このページの使い方
道路設計の主要な基準値を、道路構造令に基づいて1ページに集約した早見ページです。まず下の早見表で数値を確認し、根拠や使い方を詳しく知りたいテーマは各解説記事へ。設計速度が決まれば、曲線半径も勾配も視距もここから芋づる式に引けます。
設計の出発点 ― 区分と設計速度
道路設計は、まず道路の区分(種・級)を決め、そこから設計速度を確定するところから始まります。以降のすべての数値が、この設計速度に連動します。
| 種別 | 地方部 | 都市部 |
|---|---|---|
| 高速自動車国道・自動車専用道路 | 第1種 | 第2種 |
| その他の道路(一般道路) | 第3種 | 第4種 |
→ 詳しくは 道路の区分と設計速度 / 車線と路肩の幅員
設計速度から引く ― 線形の主要数値 早見表
1つの設計速度に対して、最小曲線半径・縦断勾配・縦断曲線・視距・緩和区間が一括で決まります。実務でよく使う行を太字にしています。
| 設計速度 (km/h) | 最小曲線半径 (規定/特例) | 最大縦断勾配 1〜3種(規定/特例) | 縦断曲線 凸/凹半径 | 視距 | 緩和区間長 |
|---|---|---|---|---|---|
| 120 | 710 / 570 | 2 / 5 % | 11,000 / 4,000 | 210 | 100 |
| 100 | 460 / 380 | 3 / 6 % | 6,500 / 3,000 | 160 | 85 |
| 80 | 280 / 230 | 4 / 7 % | 3,000 / 2,000 | 110 | 70 |
| 60 | 150 / 120 | 5 / 8 % | 1,400 / 1,000 | 75 | 50 |
| 50 | 100 / 80 | 6 / 9 % | 800 / 700 | 55 | 40 |
| 40 | 60 / 50 | 7 / 10 % | 450 / 450 | 40 | 35 |
| 30 | 30 / ― | 8 / 11 % | 250 / 250 | 30 | 25 |
| 20 | 15 / ― | 9 / 12 % | 100 / 100 | 20 | 20 |
- 最小曲線半径 ― R≧V²/127(i+f)。遠心力と摩擦・乗心地のバランス(第15条)

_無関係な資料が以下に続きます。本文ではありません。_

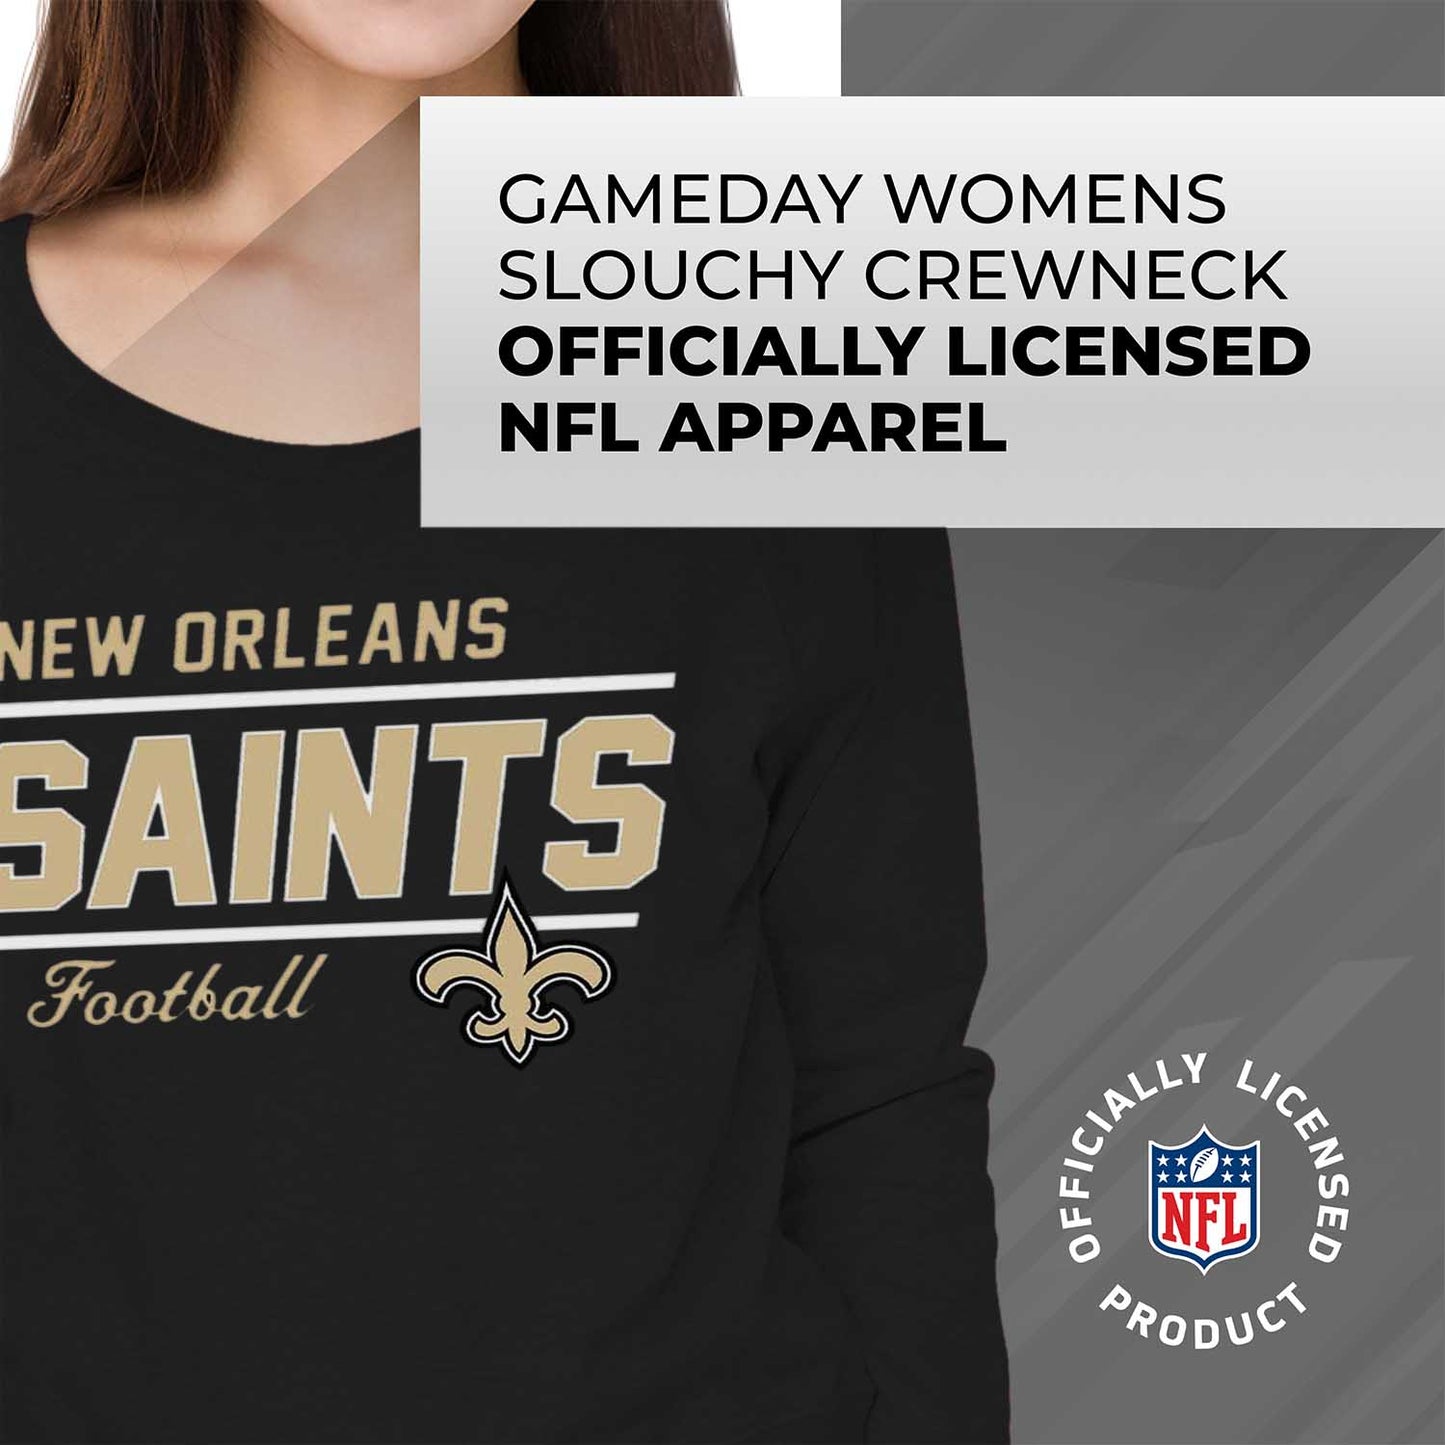 New Orleans Saints NFL Womens Crew Neck Light Weight - Black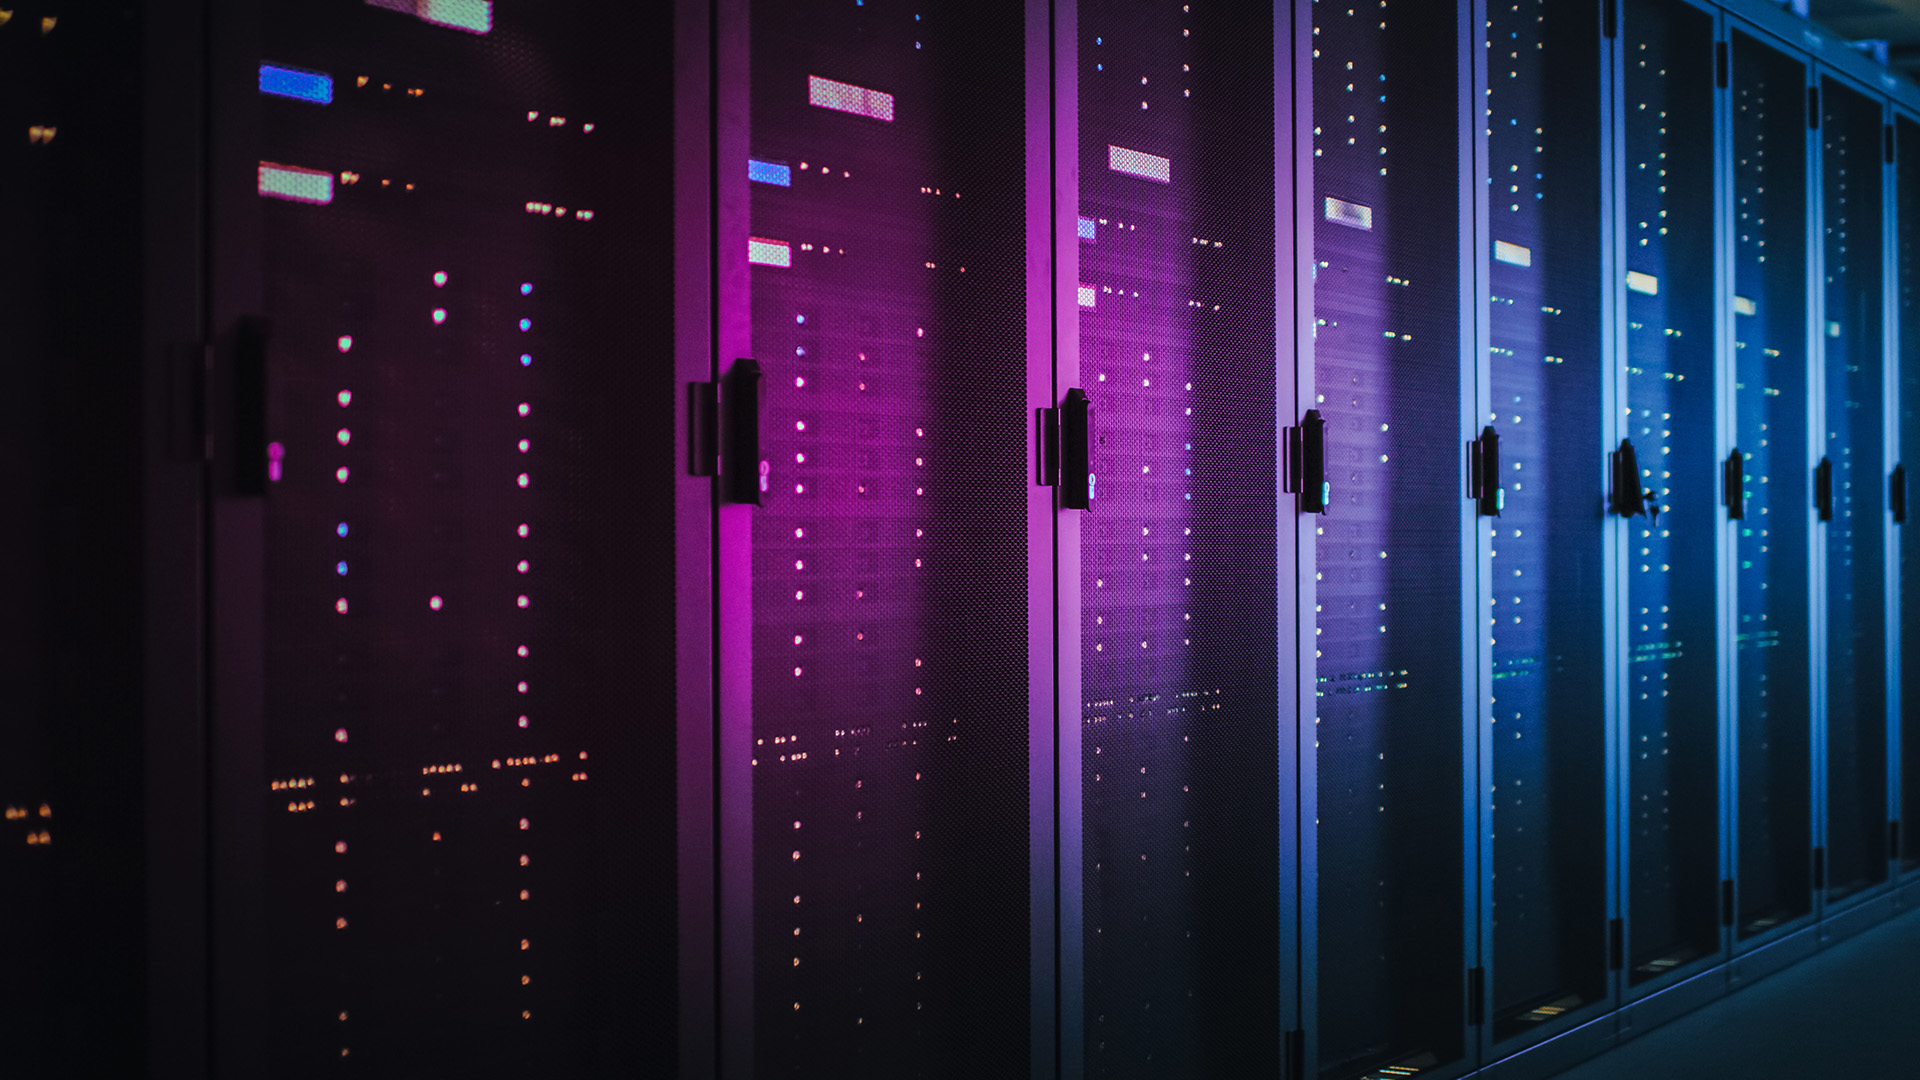 Dark data center with multiple rows of fully operational server racks

- 縦断勾配 ― 満載トラックの登坂性能で決まる。5%超は登坂車線(第20・21条)
- 縦断曲線 ― 凸は視距、凹は衝撃で決まる(第22条)
- 視距 ― 1.2mの目から10cmの物を見とおす距離(第19条)
- 拡幅と緩和区間 ― 内輪差と、すりつけの作業場(第17・18条)
勾配まわりの基準
| 項目 | 基準値 | 条 |
|---|---|---|
| 最大片勾配 | 積雪寒冷はなはだしい6% / 積雪寒冷8% / その他10% / 第4種6%(自転車道等なし第3種も6%) | 第16条 |
| 横断勾配(舗装道) | 1.5〜2%(歩道等は2%標準) | 第24条 |
| 合成勾配 | 10 / 10.5 / 11.5%(設計速度別)。積雪寒冷はなはだしい地域8%以下 | 第25条 |
断面・施設まわりの基準
| 項目 | 基準値 | 条 |
|---|---|---|
| 建築限界(高さ) | 車道4.5m(重要物流道路4.8m・路端3.8m)/ 歩道・自転車道等2.5m | 第12条 |
| 停車帯 | 幅員2.5m(大型車少なければ1.5mまで) | 第9条 |
| 待避所(3種5級) | 相互間300m以内・長さ20m以上・車道幅員5m以上 | 第30条 |
このシリーズに共通する3つの考え方
個々の数値を超えて、道路設計の基準には共通する作法があります。実務で迷ったときの拠りどころとして、このシリーズで繰り返し書いてきたことを3点にまとめます。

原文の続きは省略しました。